Nuevamente Gluk volvió a la sala de espera del más allá, pero el encargado no quería mancharse las manos con la brea que llenaba su cabeza y no le borró la memoria. Y Gluk recibió un nuevo destino, despertando esta vez en una lujosa mansión de piedra ubicada en el centro de una imponente ciudad flotante, construida sobre un gran lago. Pronto aprendió que en aquel lugar se adoraba al sol, la lluvia o la fertilidad de la tierra, y su padre era un sacerdote encargado del culto al sol, encarnado en el dios Huitzilopochtli. Allí los dioses pedían carne humana para ser favorables a los hombres, y Gluk debió aprender a arrancar corazones y quemarlos en incensarios, pues su destino era el sacerdocio.

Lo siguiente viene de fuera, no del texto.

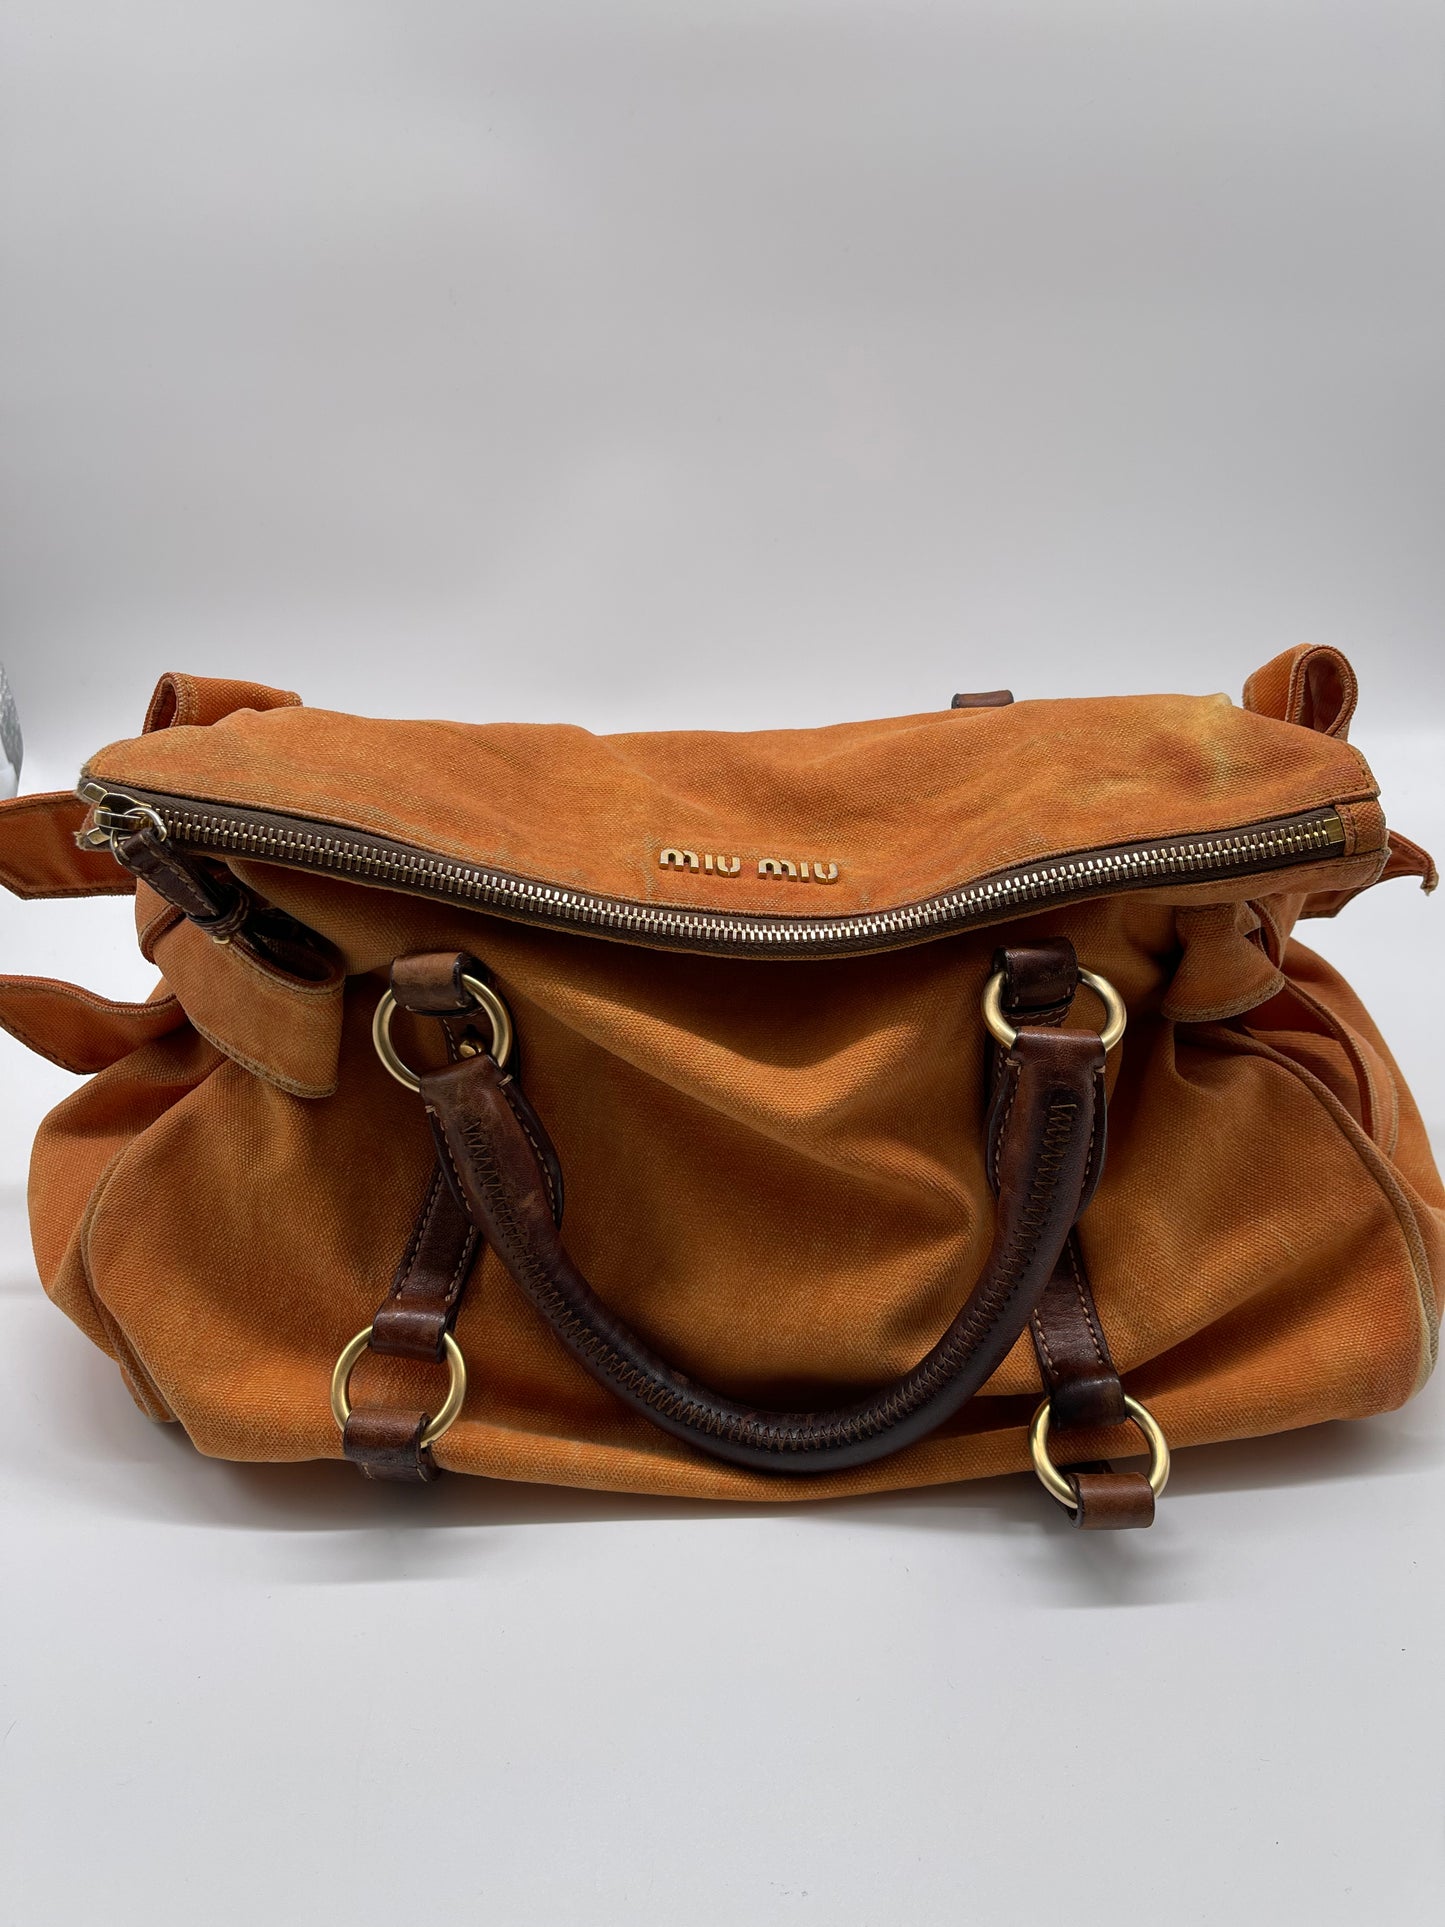 miu miu bow handbag in denim and leather trim

A pesar de sus experiencias pasadas, Gluk terminó creyendo que aquellos dioses eran reales, posiblemente porque bajo su manto obtuvo por primera vez una vida próspera, estando en la cúspide de la sociedad. Hasta que un día, escondido tras una columna, escuchó al sumo sacerdote hablar con un alto funcionario del emperador. Le decía que los tlaxcaltecas (vasallos de los aztecas, el pueblo de Gluk) estaban muy rebeldes últimamente, y había que recordarles lo que era el terror. El sumo sacerdote propuso inventarse que los dioses estaban molestos con el pueblo azteca y requerían sacrificios humanos masivos. Así se iniciaría una de las llamadas "guerras floridas" contra Tlaxcala con la excusa de que hacía falta carne para los dioses, y los tlaxcaltecas sufrirían tanto que se someterían totalmente.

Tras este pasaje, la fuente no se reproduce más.